## DATA BLOCK
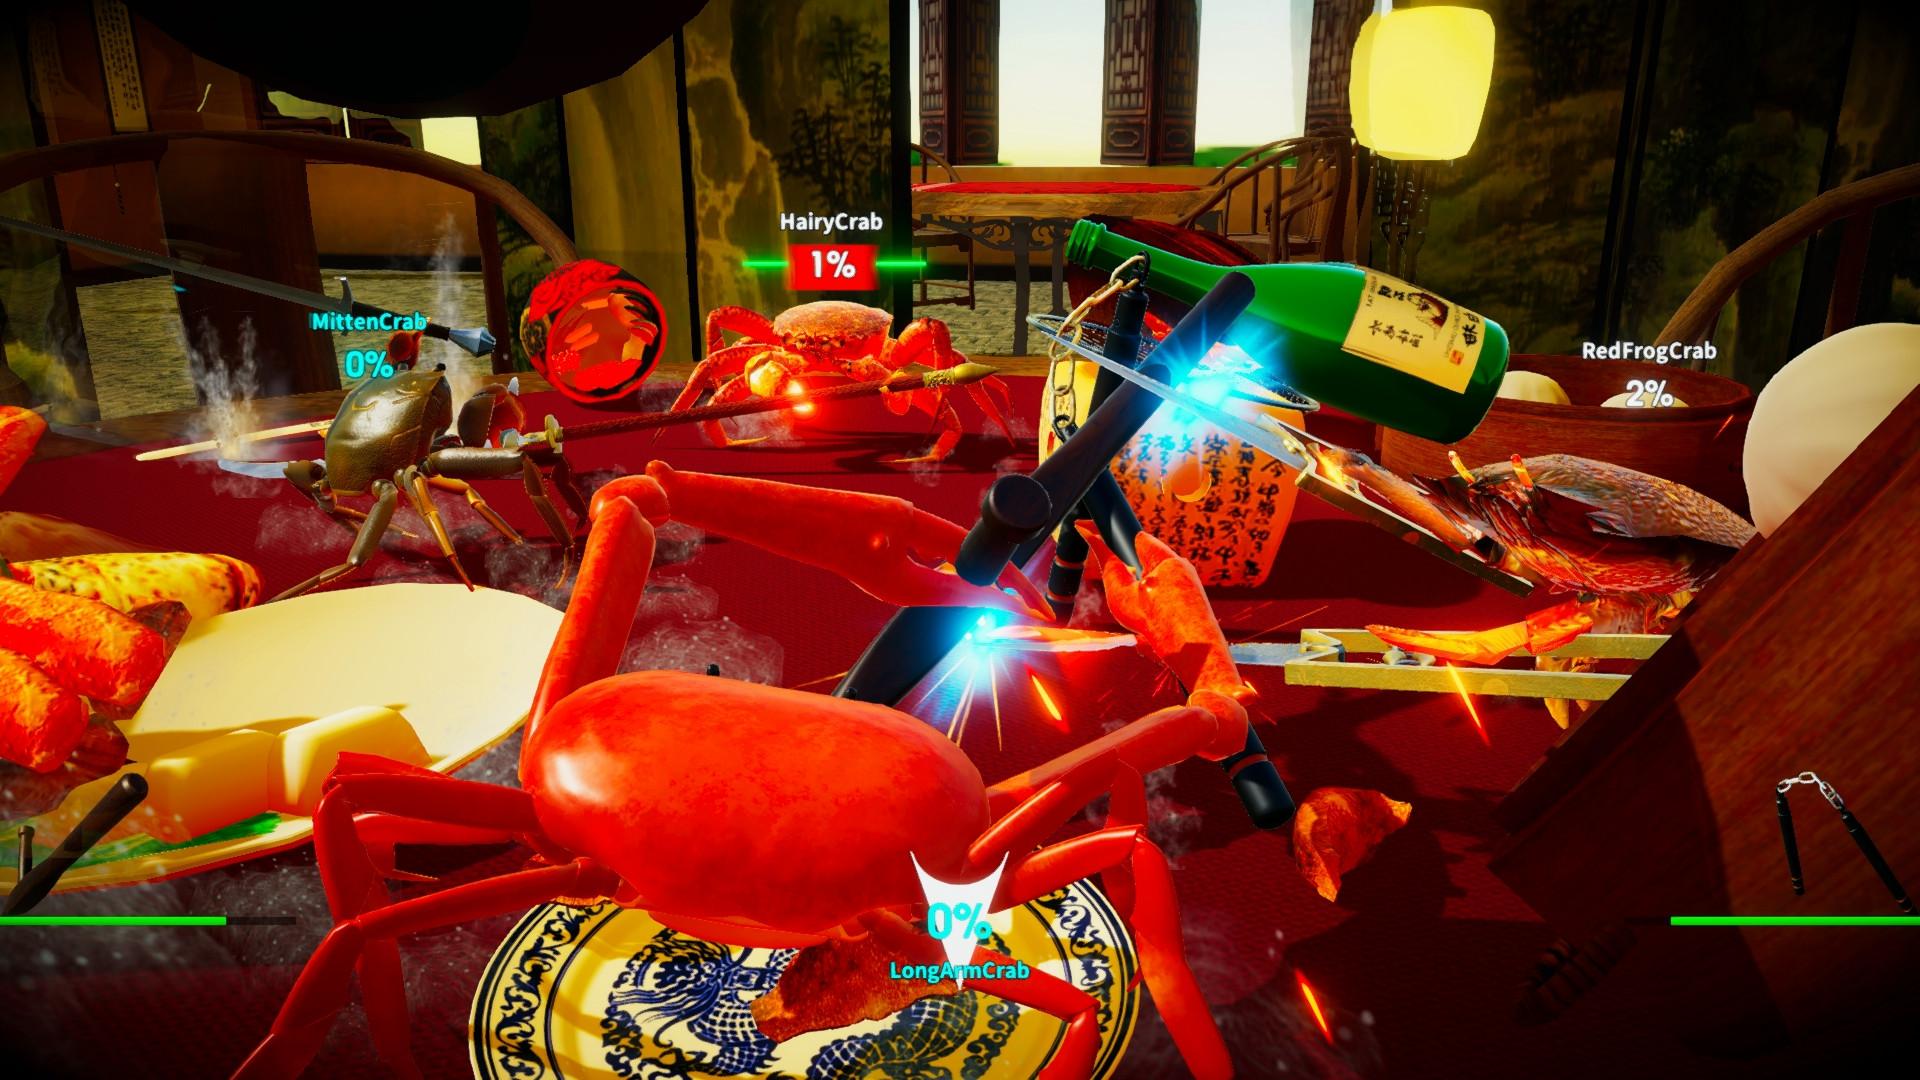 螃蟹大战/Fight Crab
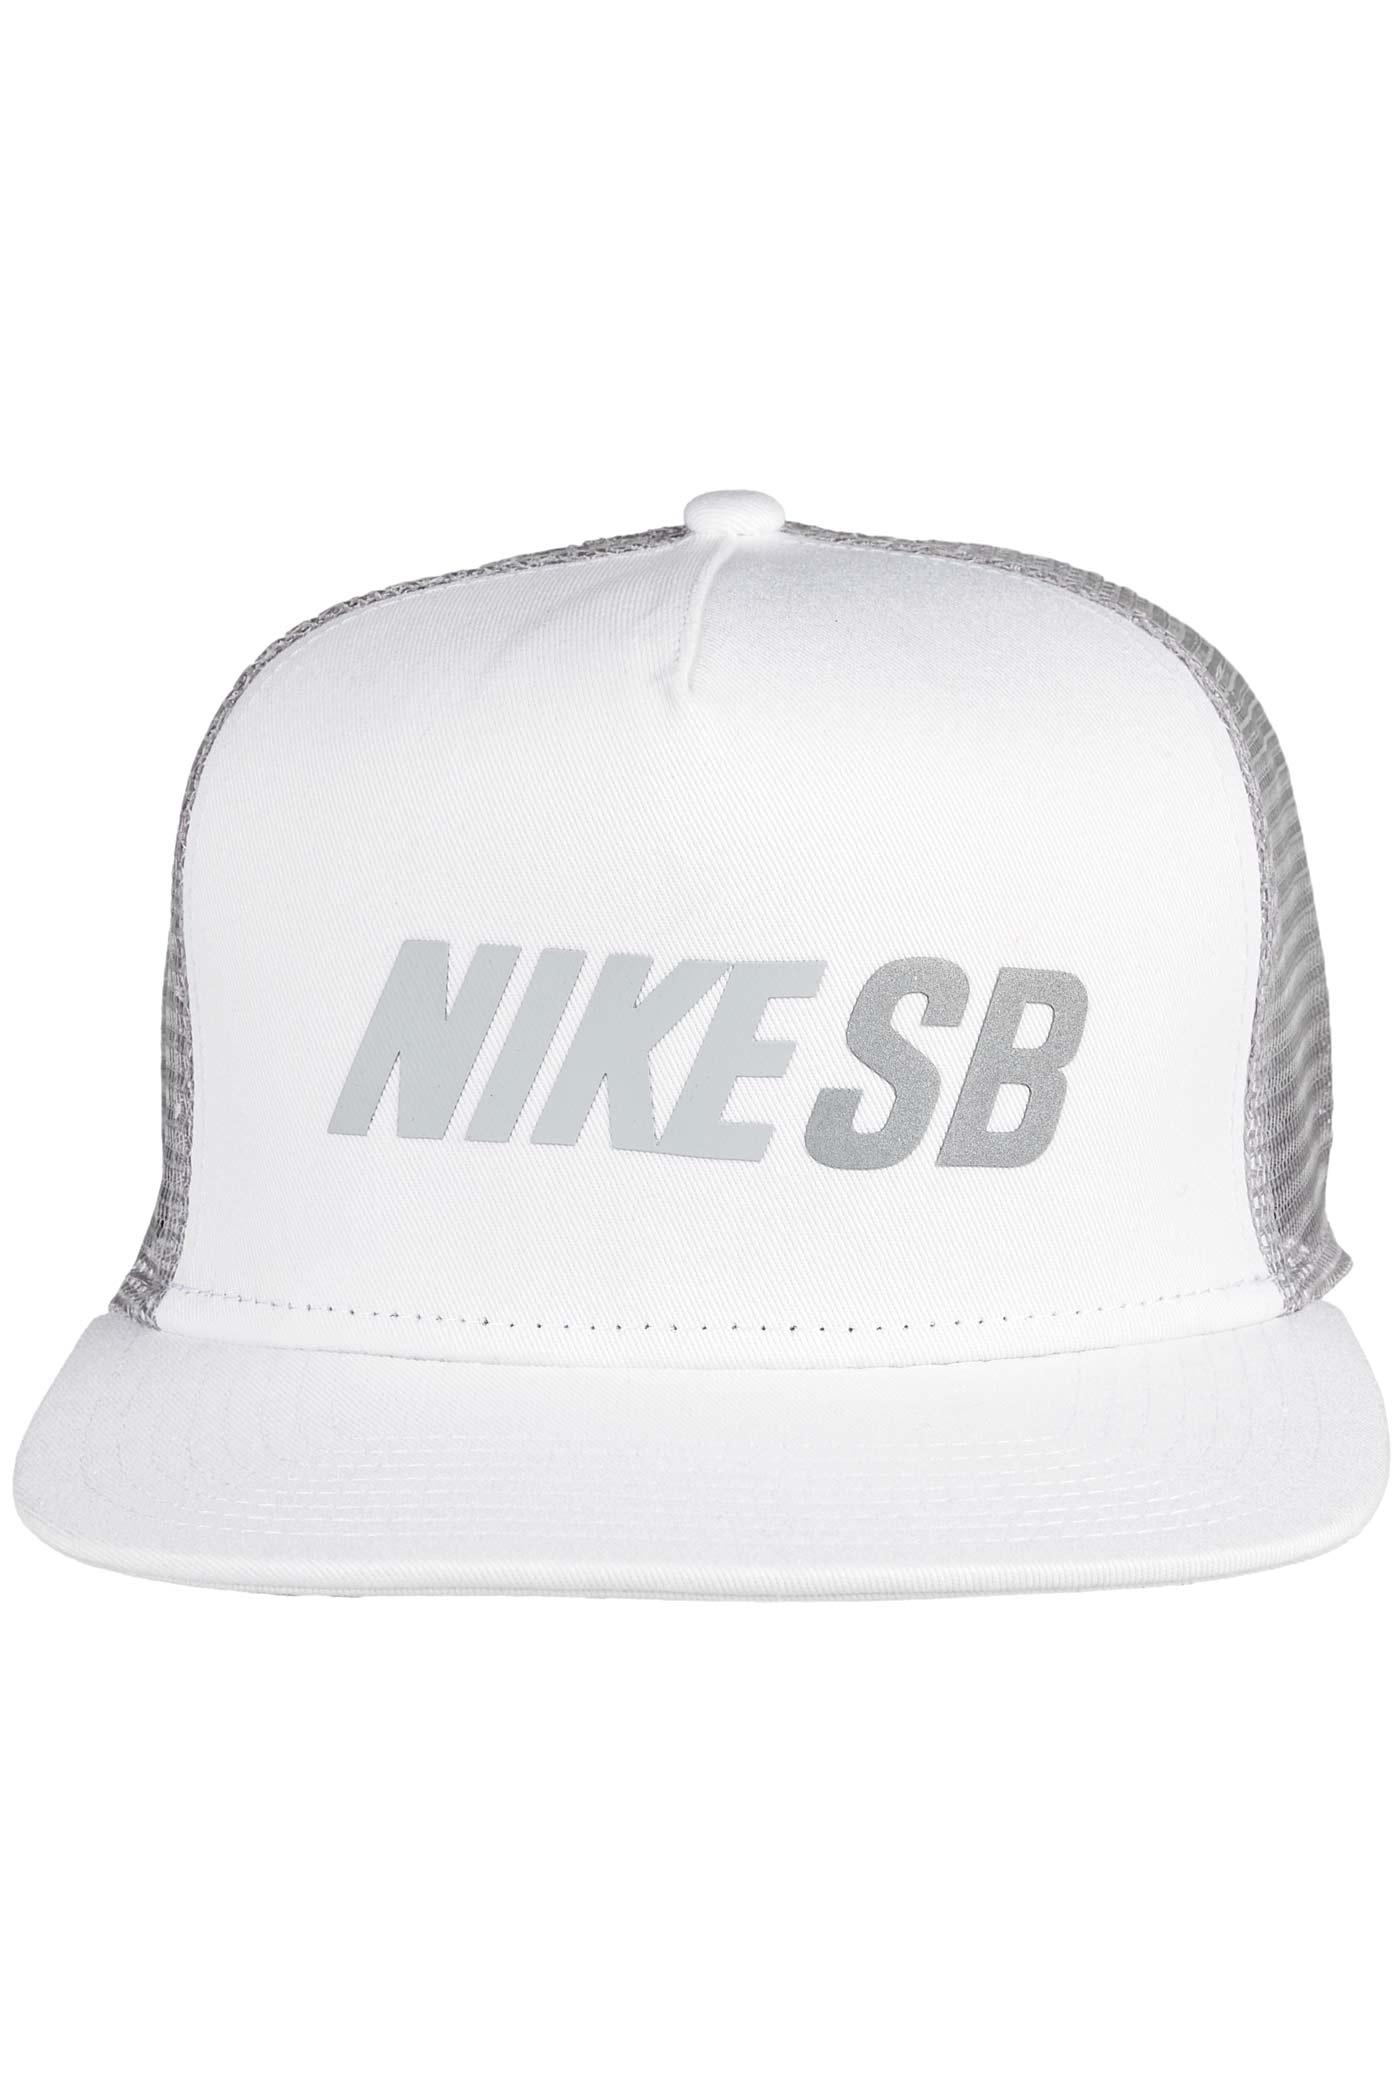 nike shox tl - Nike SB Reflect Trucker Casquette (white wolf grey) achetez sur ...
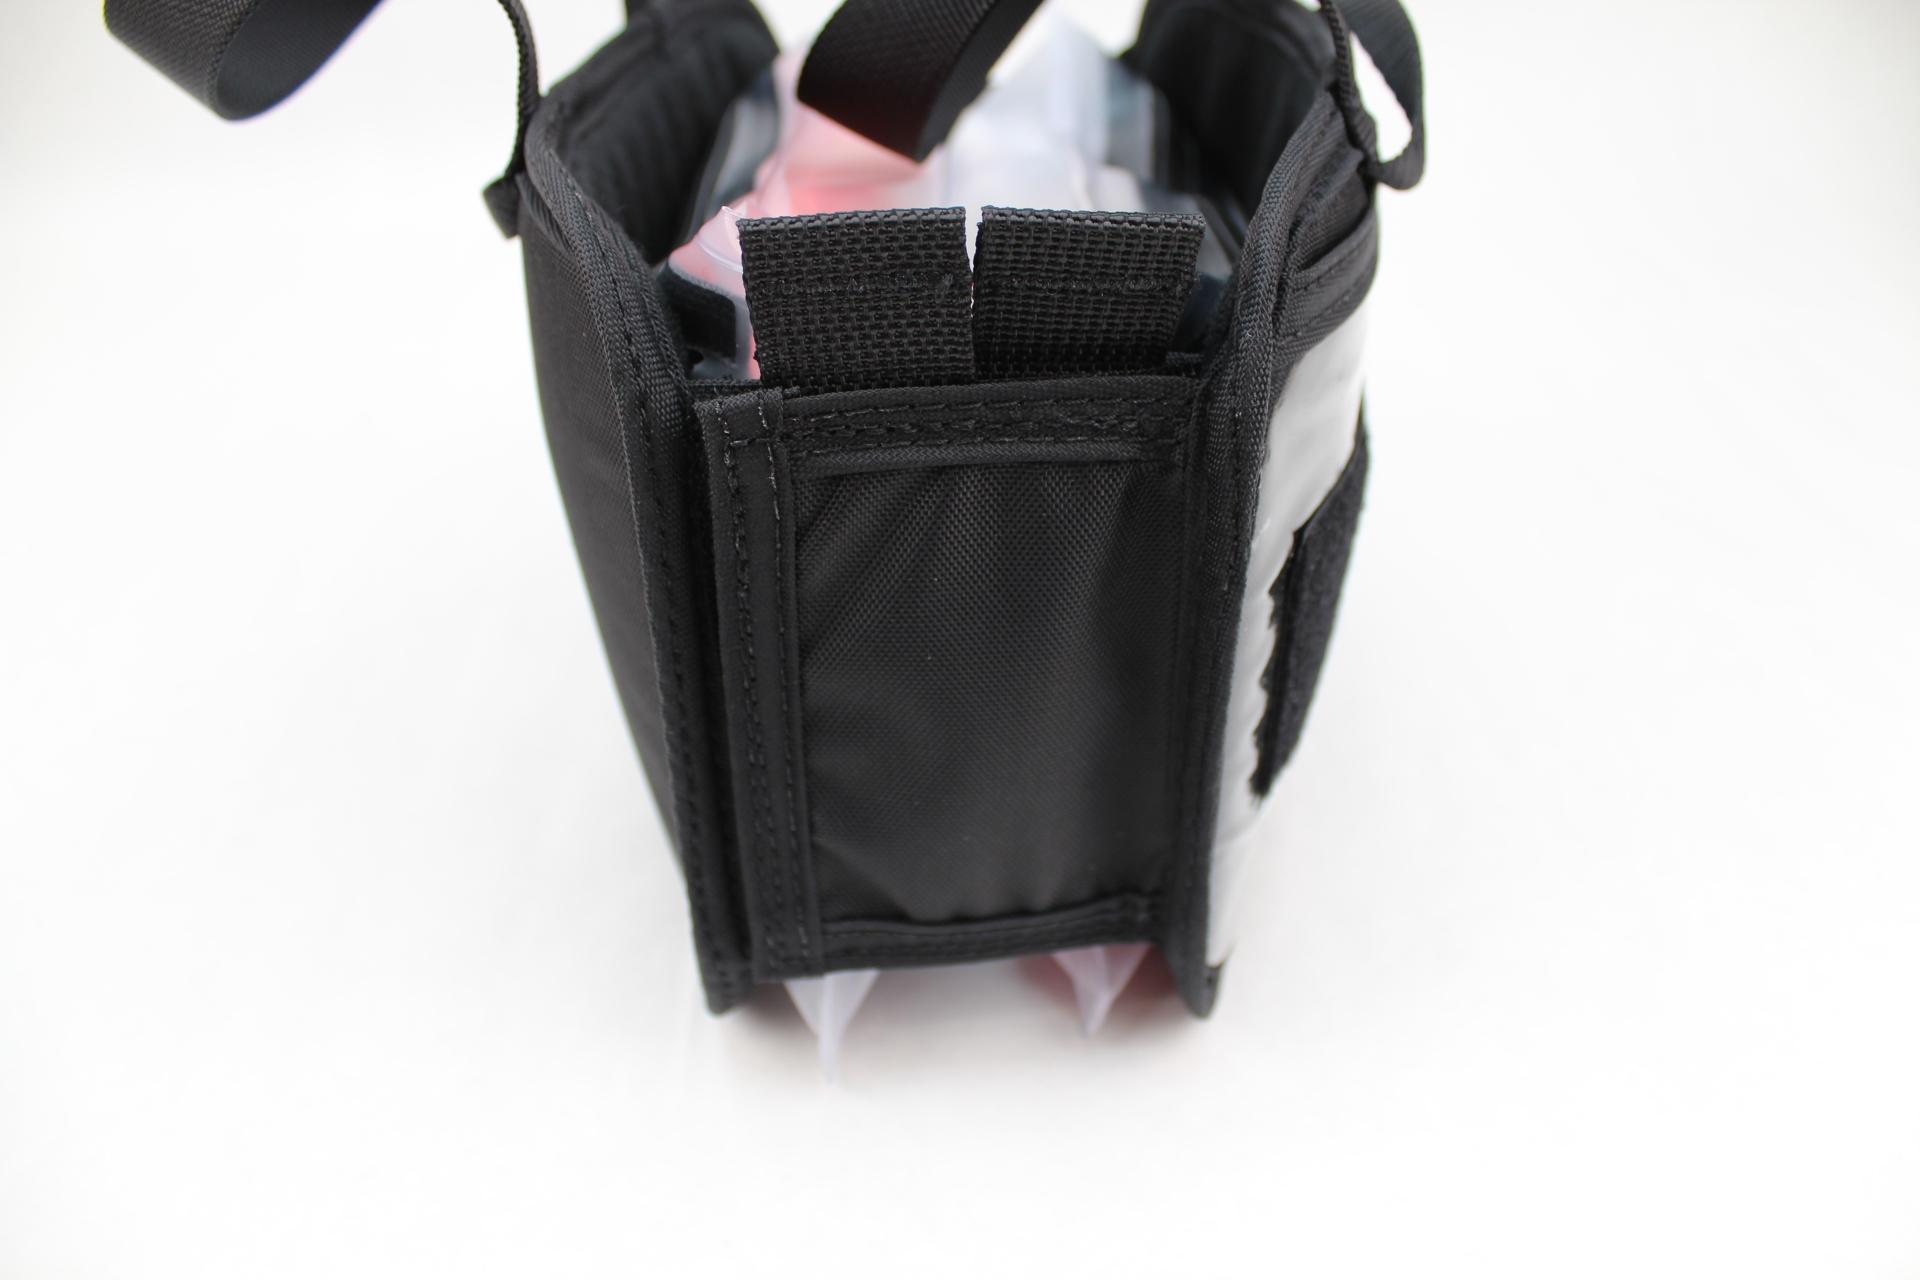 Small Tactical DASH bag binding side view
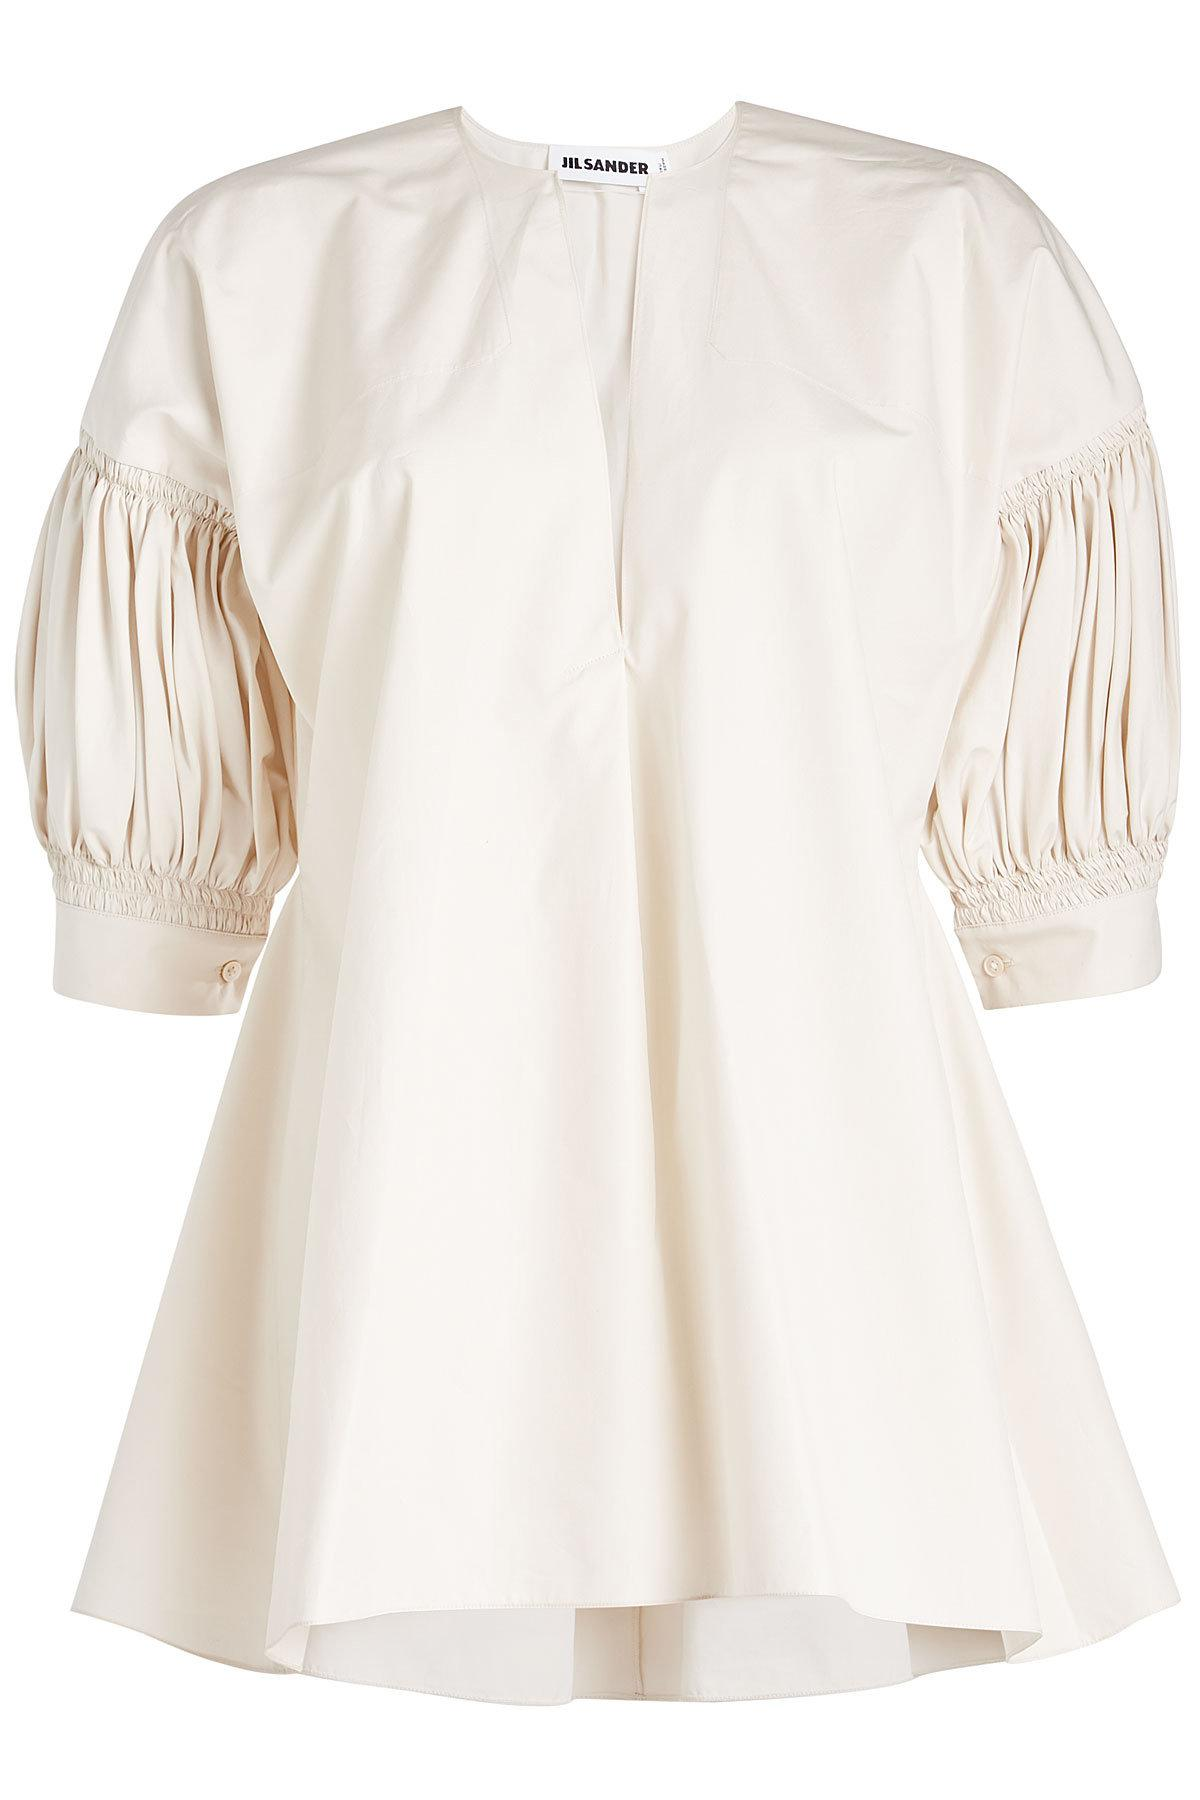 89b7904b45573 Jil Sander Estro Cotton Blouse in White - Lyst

## INSTRUCTIONS FOR THE TASK
Please reproduce only the lines from the one holding "Small Tactical DASH bag binding side view" through the final line of the listing above, both included, with each picture left out.

## OUTPUT FOR THIS TASK
 Small Tactical DASH bag binding side view
 89b7904b45573 Jil Sander Estro Cotton Blouse in White - Lyst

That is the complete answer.